December 3, 2024
By Gerelyn Terzo, Global AgInvesting Media
Regenerative agriculture is spreading like wildfire. Toesca Asset Management, a Santiago, Chile-based asset manager, and U.K.-domiciled Astarte Capital Partners, which specializes in sustainable real assets and natural capital, have announced a strategic partnership. Through the collaboration, the firms will establish an institutional platform dedicated to regenerative ag investments in the Latin American region.
With a $350 million target size, the Toesca Permanent Crops II (TPC II) fund will invest in a diversified portfolio of permanent crops throughout Latin America, including Chile and Peru. To kick off the investment strategy, Toesca and Astarte have earmarked $45 million in sponsor capital.
The portfolio seeks to deliver financial returns through high-performance orchards comprising strategically chosen species, all of which must meet high operational, environmental and social standards, according to the announcement. With an initial focus on permanent crops, TPC II will begin making investments in early 2025. Permanent crops are experiencing heightened demand amid a change in consumer preferences toward better eating habits and sustainable goals around food security.

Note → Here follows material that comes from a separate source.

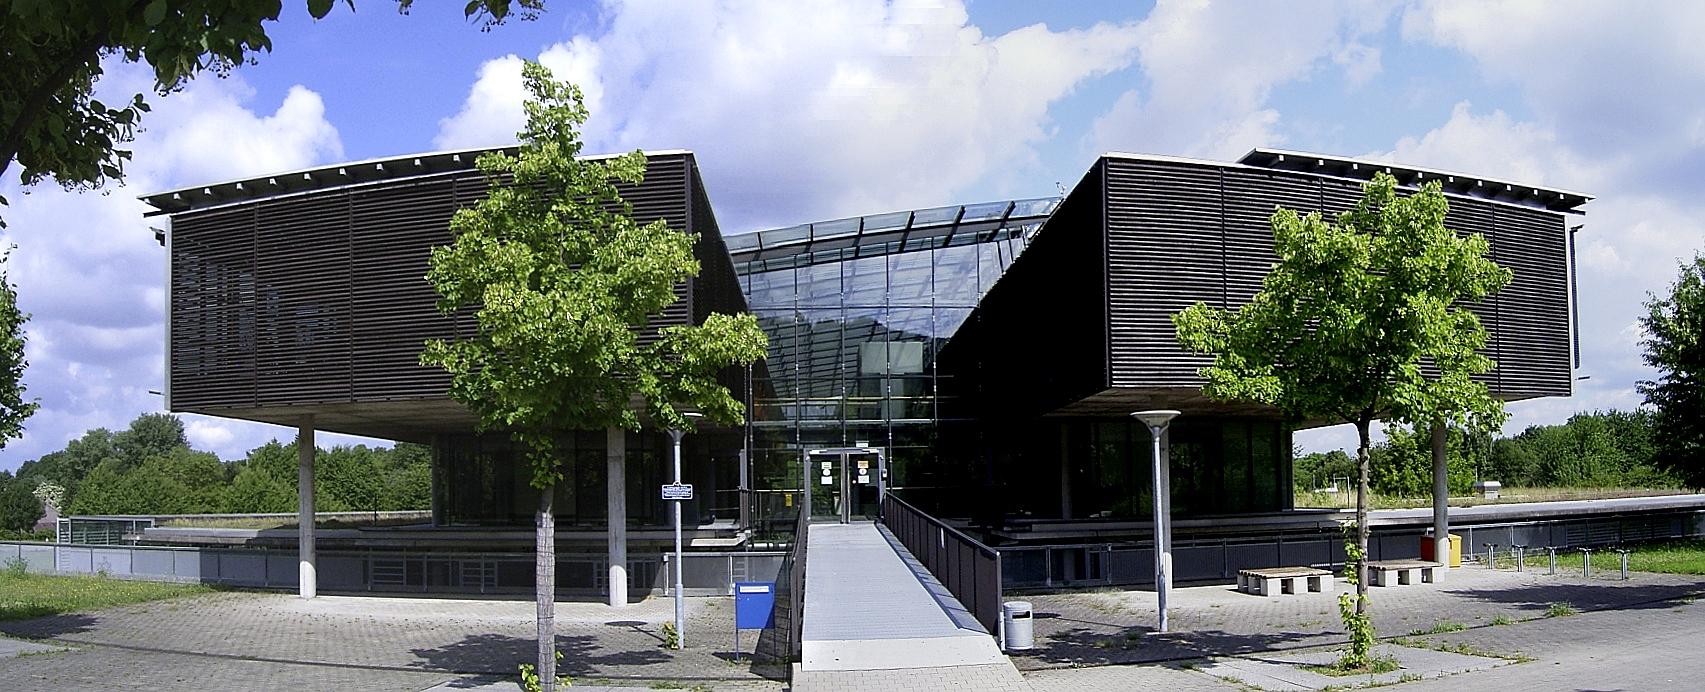 Karlsruhe, Gewerbeschule Durlach (Bild. Augenstein, CC BY SA 3.0, 2008)
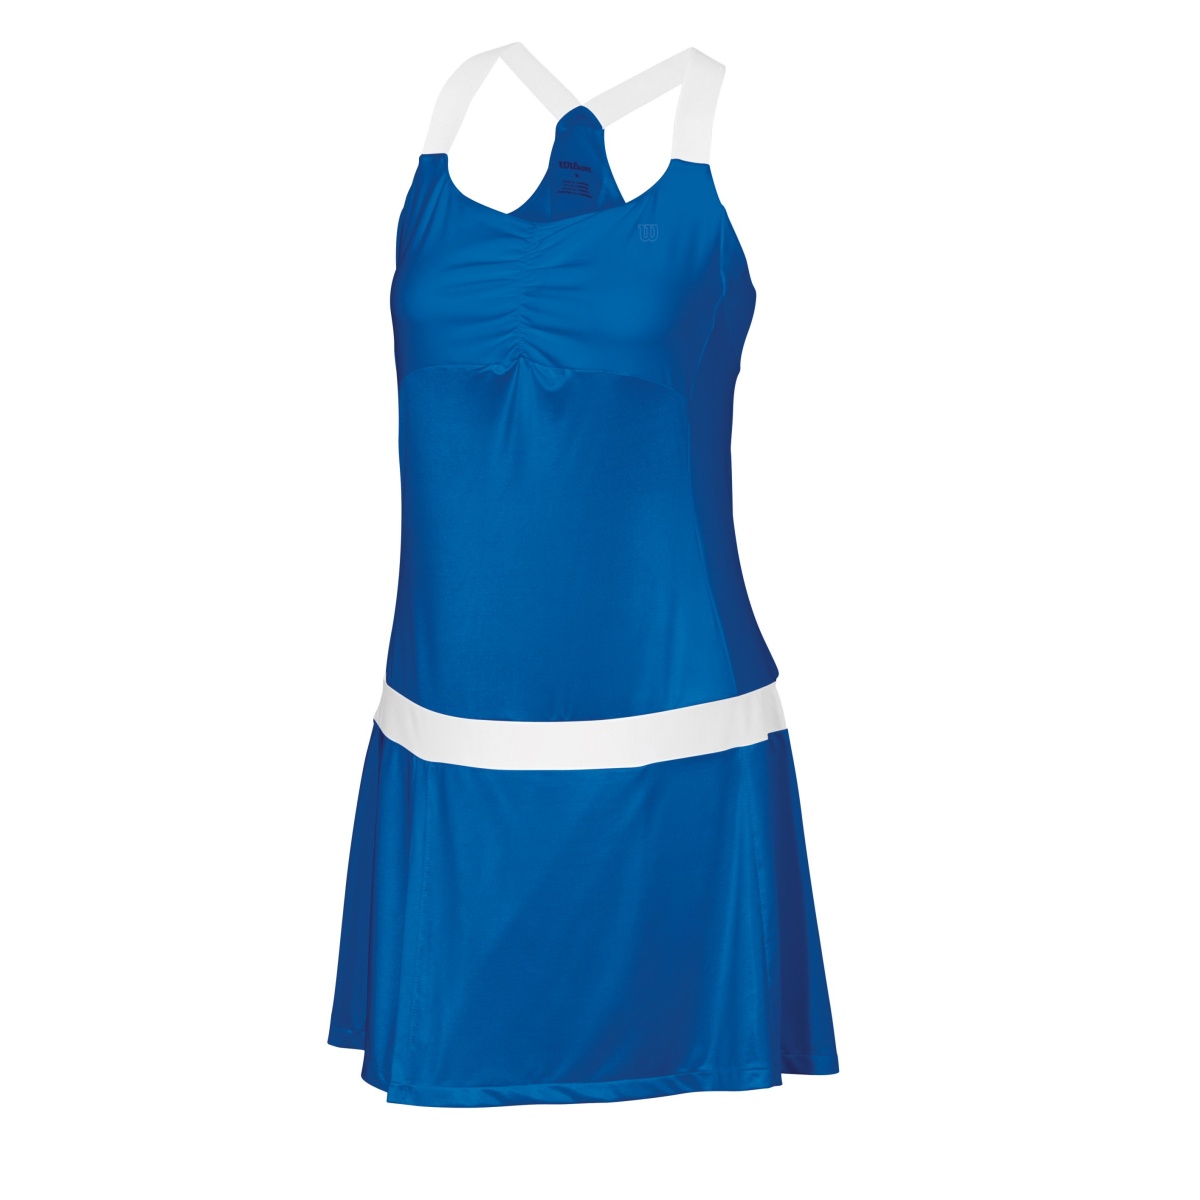 Wilson Kleid Performance Tea Lawn Blau Damen Grosse M Xl Versandkostenfrei Online Bestellen

Together, Toesca and Astarte form a powerhouse for regenerative ag investing, overseeing more than 82,000 hectares (202,626 acres) of natural capital assets across South America. Both firms boast proven track records of attractive financial returns, carbon sequestration, and positive environmental and social impacts. Latin America contributes 16 percent of global food and ag exports and is considered a major player in global food security. However, the region is also vulnerable to the impact of climate change, making regenerative ag practices that much more critical for Latin American growers.
Toesca Asset Management CEO and Partner Carlos Saieh expressed his enthusiasm for the new fund, stating, “The combination of the natural competitive advantages of Chile and Peru for fruit production, along with the opportunity to provide counter-cyclical produce to the Northern Hemisphere, all within a dollarized industry, makes this investment case hard to beat compared to other alternatives. We’ve been carefully observing how institutional capital is starting to flow into the asset class in the region, and it is a wave that can only grow, further confirming our optimism about the future of this strategy.”
Astarte Capital Partners Co-Founder Teresa Farmaki, said, “Regenerative agriculture investments are an emerging sector with tremendous potential, acting as a crucial catalyst for sustainability and food security. Developing sustainable agricultural assets generates significant environmental and social benefits, perfectly aligning with our commitment to responsible business practices.”
Earlier this year, Astarte reached final close on an impact forestry fund with $325 million in assets under management, which aims to strengthen Paraguay’s economy through sustainable forestry, surpassing its original target of $200 million. The fund attracted investors from over two dozen countries across five continents, making it one of the biggest and most diverse capital pools ever formed in Paraguay.